Trisomy 9p is a rare chromosomal syndrome in which a portion of the 9th chromosome appears three times (trisomy) rather than twice in cells of the body. Chromosomes are found in the nucleus of all body cells and carry the genetic characteristics of each individual.
Pairs of human chromosomes are numbered from 1 through 22, with an unequal 23rd pair of X and Y chromosomes for males and two X chromosomes for females. Each chromosome has a short arm designated as “p,” a long arm identified by the letter “q,” and a narrowed region at which the two arms are joined (centromere). Chromosomes are further subdivided into bands that are numbered outward from the centromere. For example, the short arm of chromosome 9 includes bands 9p11 to 9p24, and the long arm includes bands 9q11 to 9q34.

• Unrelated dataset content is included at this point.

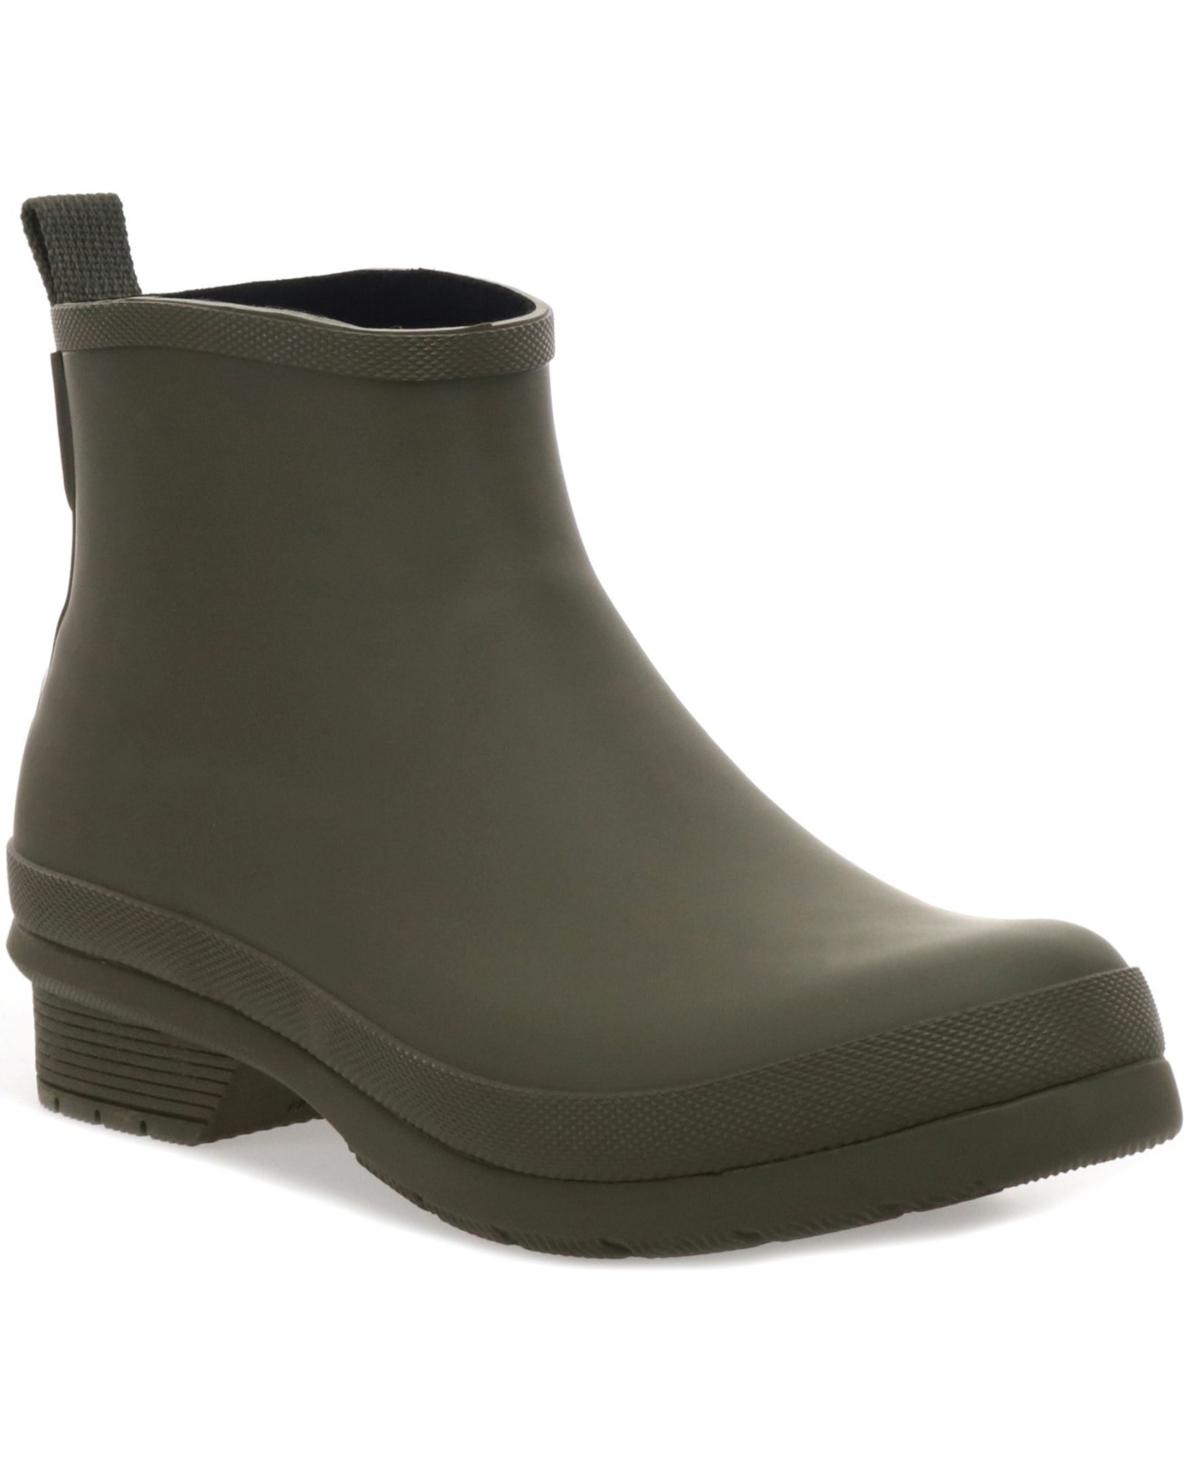 Women's Chelsea Waterproof Booties Women's Shoes

In trisomy 9p, the trisomy (or duplicated material) may involve a portion of the short arm (9p), the entire short arm, or the short arm and a portion of the long arm (9q) of chromosome 9. Evidence suggests that, in many patients, associated symptoms and findings may be relatively similar among affected infants despite differing lengths of the duplicated segment. However, in those with larger areas with the additional copy (e.g., extending to middle or end [distal] regions of 9q), additional features may also be present that appear to correlate with the extent of the duplication. Conversely, some individuals with duplications of specific areas of chromosome 9p display mild or subtle symptoms – is this referring to phenotypic characteristics and/or possible medical issues.
Children with trisomy 9p often have delays in reaching developmental milestones including crawling and walking, growth deficiency and distinctive differences of the skull and facial (craniofacial) region. As children grow older, intellectual disability may become apparent in difficulties learning to read and write and other academic tasks. Special education services are often needed. In some patients, additional physical characteristics may also be present, such as other skeletal differences and/or structural malformations of the heart that are present at birth (congenital).
The chromosomal abnormality was originally reported in the medical literature in1970 by Rethore. Trisomy 9p was first proposed as a distinct syndrome in 1975.
The specific symptoms of trisomy 9p can vary greatly from one individual to another due, in part, to the specific length of the duplicated or deleted material related to the p arm.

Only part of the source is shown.